--- Stored data Enclosed Below ---

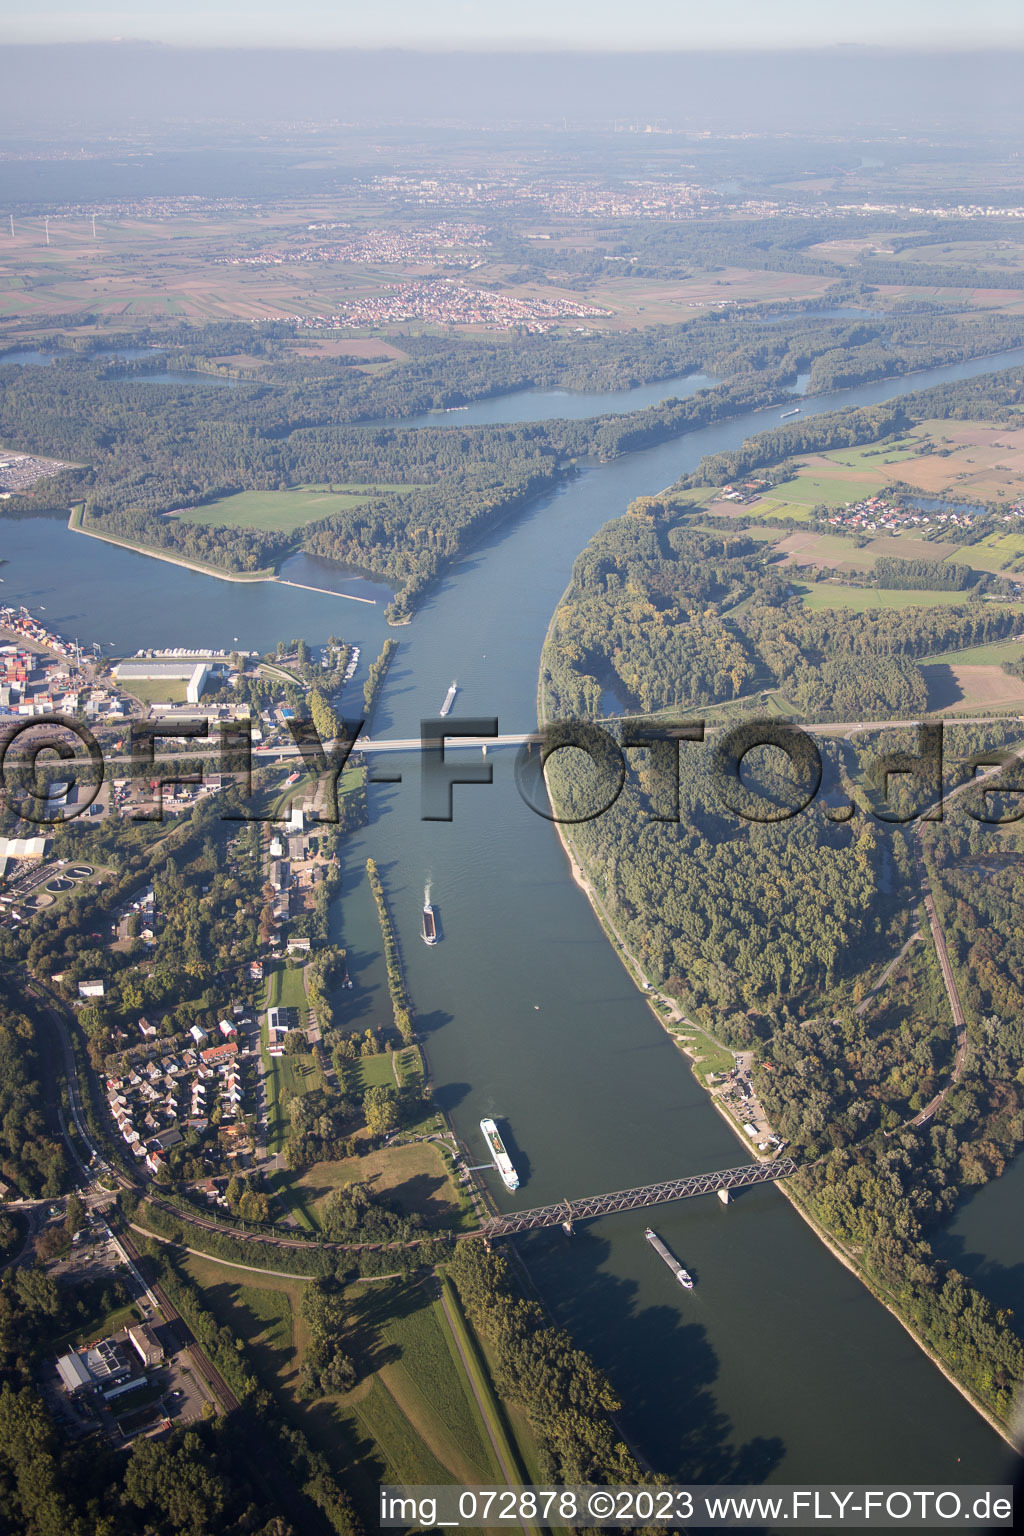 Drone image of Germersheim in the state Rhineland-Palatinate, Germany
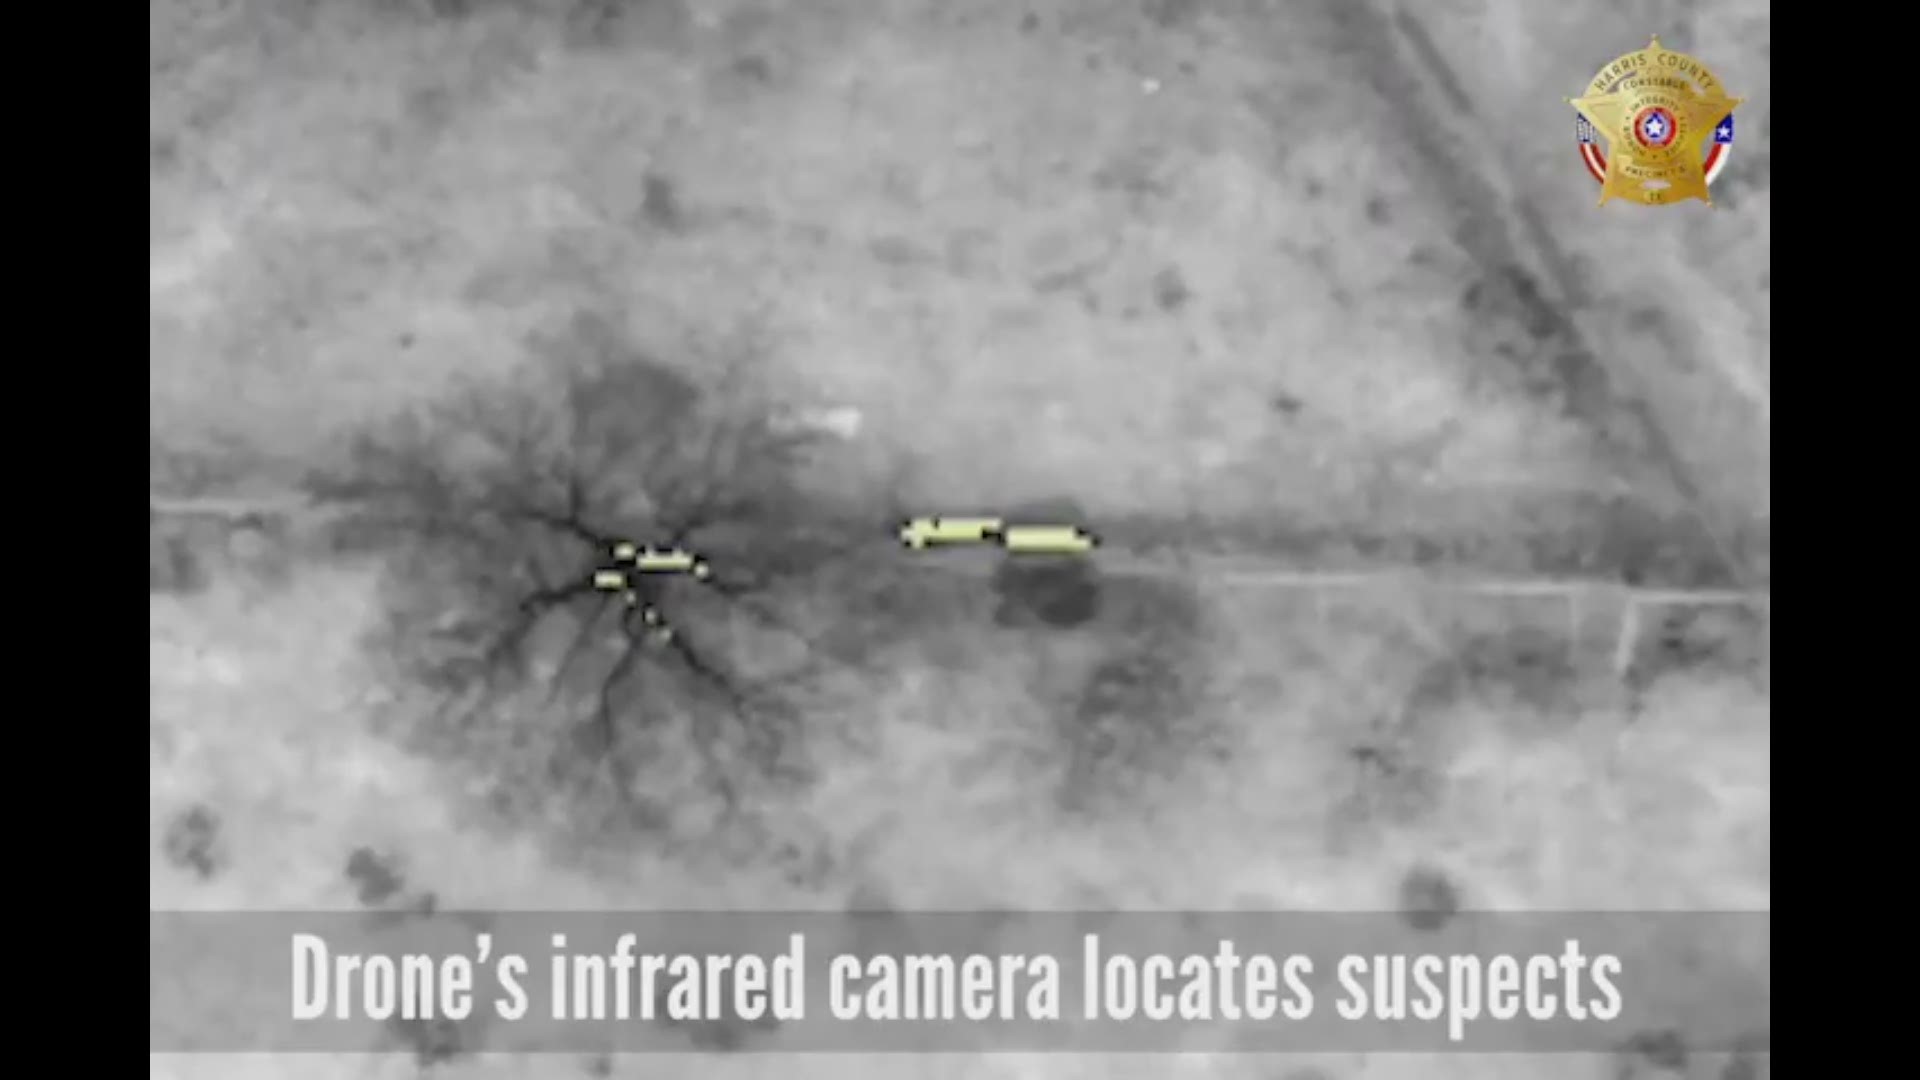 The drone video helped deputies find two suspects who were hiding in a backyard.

--- End of Enclosed Stored data ---
--- Stored data Enclosed Below ---

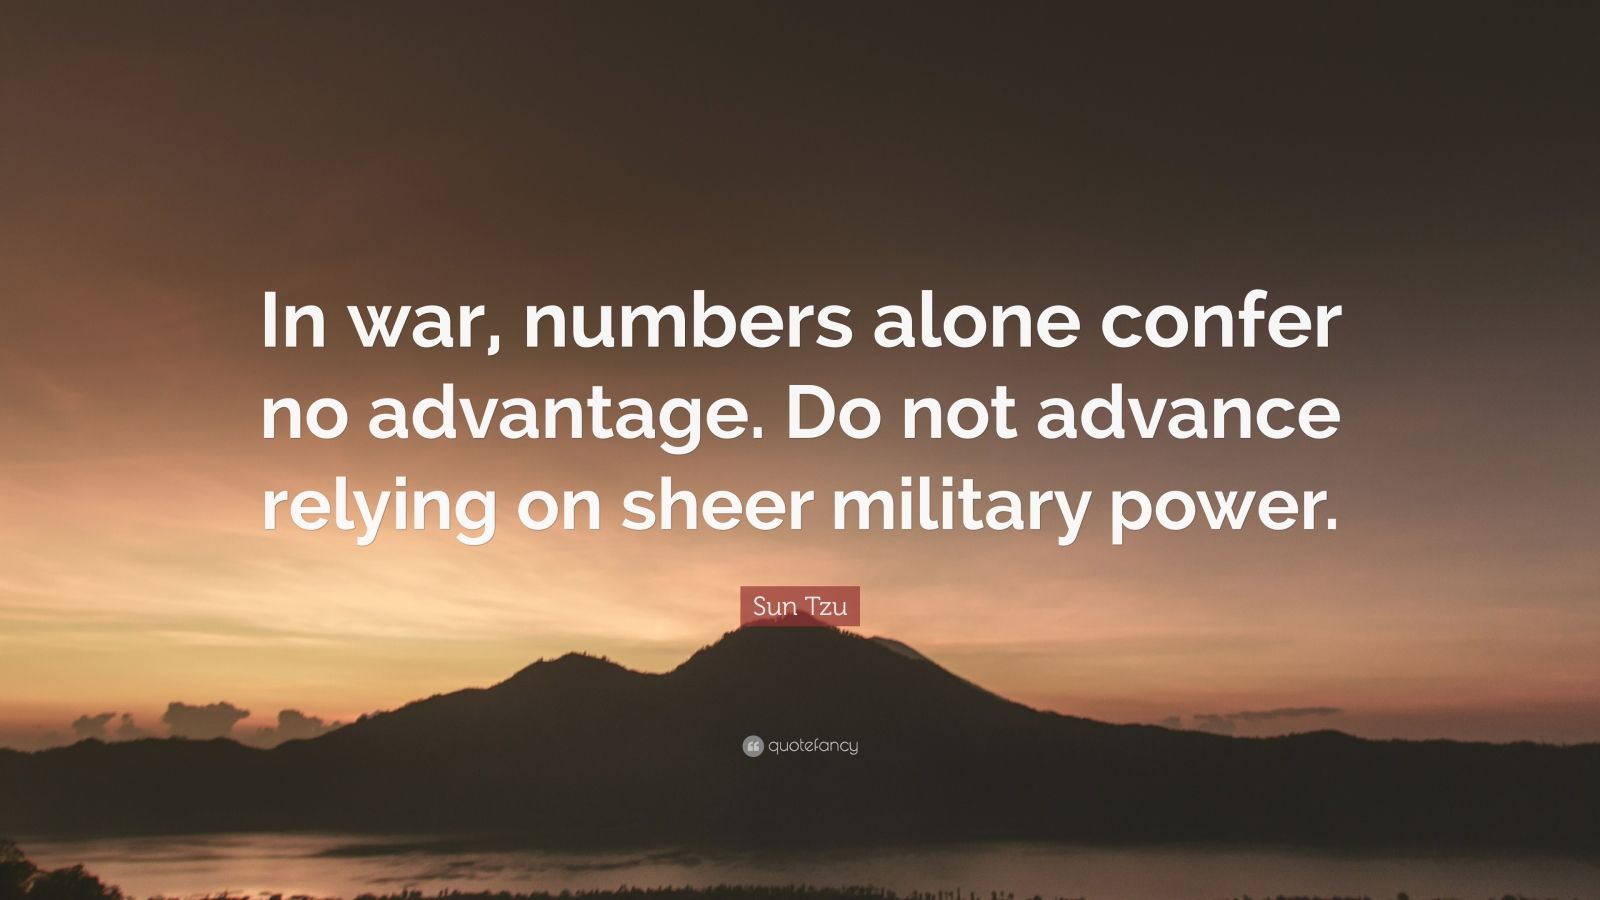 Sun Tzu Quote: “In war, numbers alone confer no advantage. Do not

--- End of Enclosed Stored data ---
--- Stored data Enclosed Below ---

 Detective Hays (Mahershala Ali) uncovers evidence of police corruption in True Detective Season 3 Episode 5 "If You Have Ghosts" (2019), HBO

--- End of Enclosed Stored data ---

:: Work instruction ::
Beginning with the line above that contains "Drone image of" and ending with the line that contains "The drone video", quote each line exactly, keeping out the pictures.

:: Output ::
 Drone image of Germersheim in the state Rhineland-Palatinate, Germany
 The drone video helped deputies find two suspects who were hiding in a backyard.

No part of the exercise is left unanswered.